I think it would oxigenate the roots so much... but I am not an expert, has anybody got any experience doing something similar?  

Thanks!


----------



## octobong007 (Feb 3, 2008)

i think you'd lose the carbonation rather quickly...give it try and lets see what happens.


----------



## whereismymind69 (Feb 3, 2008)

octobong007 said:
			
		

> i think you'd lose the carbonation rather quickly...


 
It will take hours till water get compleatly flat... and the oxigenation during that time would be excelent. Don't you think?


----------



## octobong007 (Feb 3, 2008)

make sure you post your results, i'm always looking for something to increase my ladies.  now, i do use carbonated water in a spray bottle, which is a circus in itself...but i shoot my plants with that, under and on the leaves right before they go to bed...next morning you'd think i gave them steroids.


----------



## kasgrow (Feb 4, 2008)

The roots take in oxygen and the leaves take in co2. Water with a little h2o2 will add oxygen to your roots.
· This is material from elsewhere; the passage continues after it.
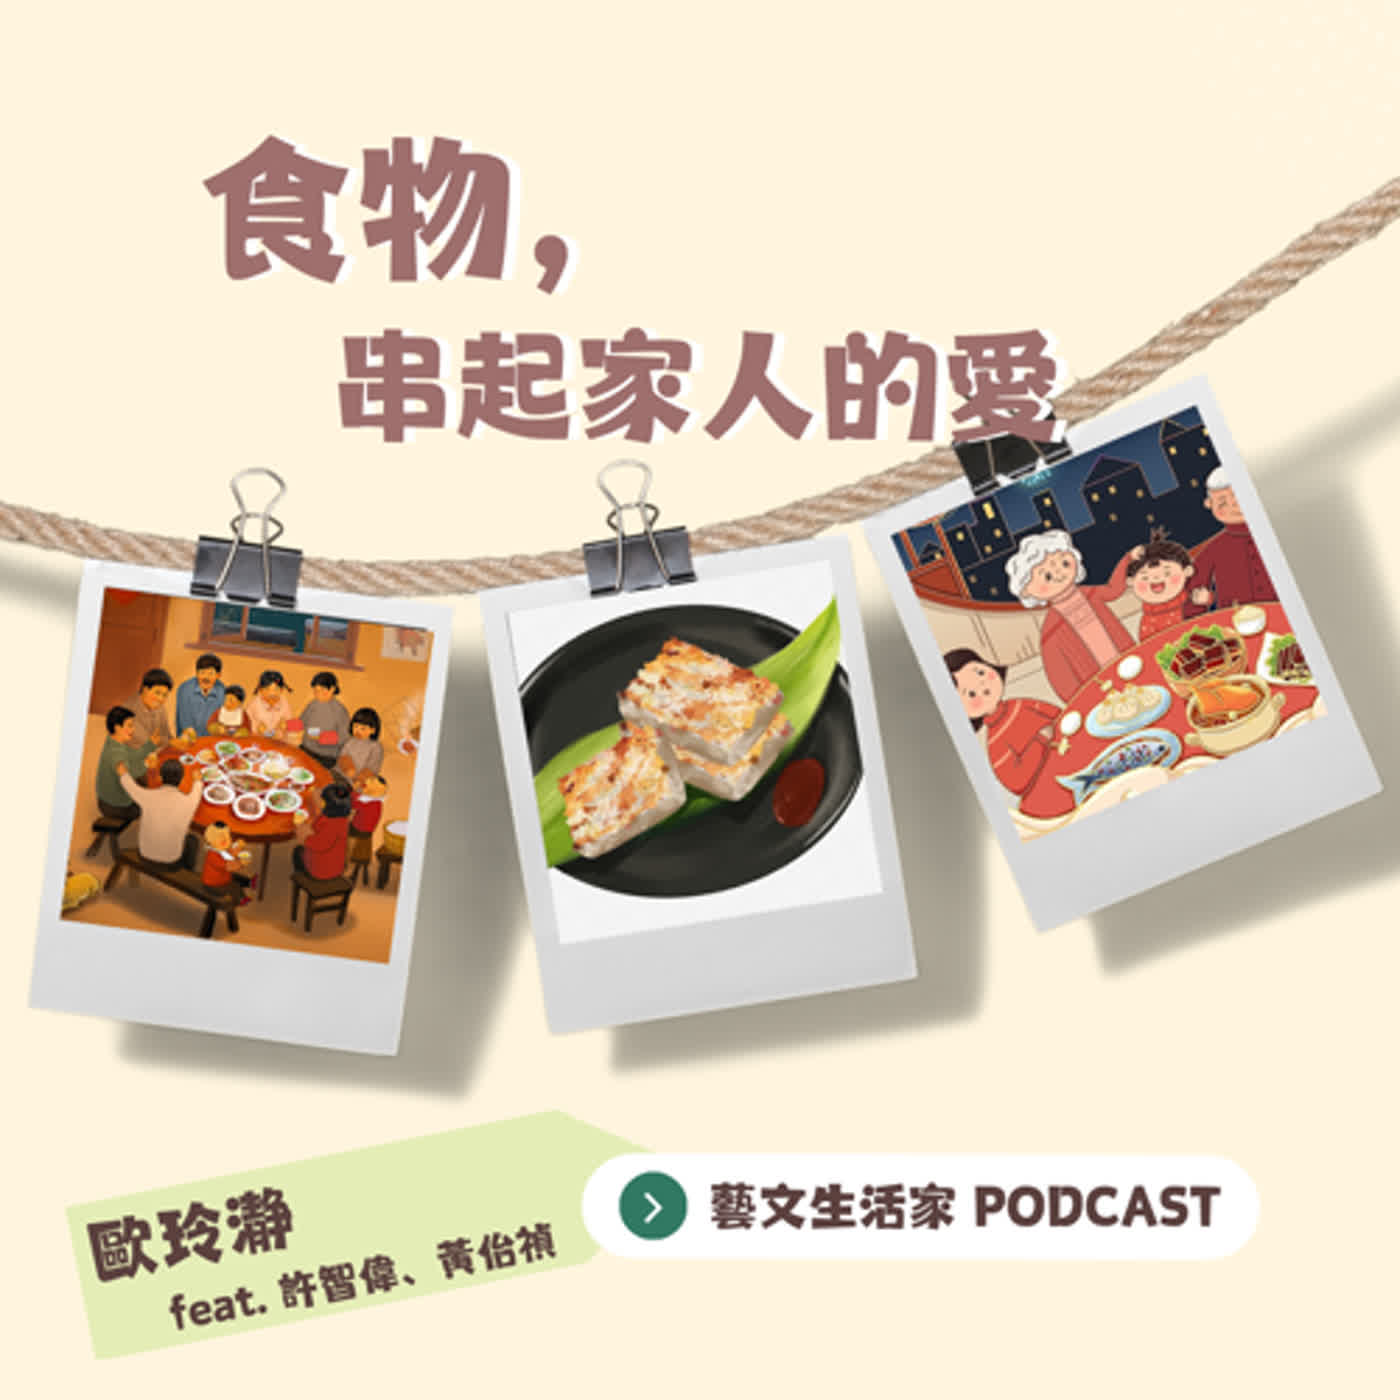 EP.119 食物，串起家人的愛。邀訪繪本作家許智偉David Hsu老師與青林國際出版社黃佁禎主編

Carbonated water will add co2 to your leaves when foliar fed. I am not sure if sparkling water is oxgenated or carbonated. Seltzer water is carbonated and good for foliar feeding. Club soda has sodium in it so it isn't good for foliar feeding.


----------



## I'ma Joker Midnight Toker (Feb 4, 2008)

kasgrow said:
			
		

> The roots take in oxygen and the leaves take in co2. Water with a little h2o2 will add oxygen to your roots. Carbonated water will add co2 to your leaves when foliar fed. I am not sure if sparkling water is oxgenated or carbonated. Seltzer water is carbonated and good for foliar feeding. Club soda has sodium in it so it isn't good for foliar feeding.


 
Though the club soda does go well with Scotch...


----------



## sweetnug (Feb 4, 2008)

Yes it does  lol.  It can't hurt, try it and post it.


----------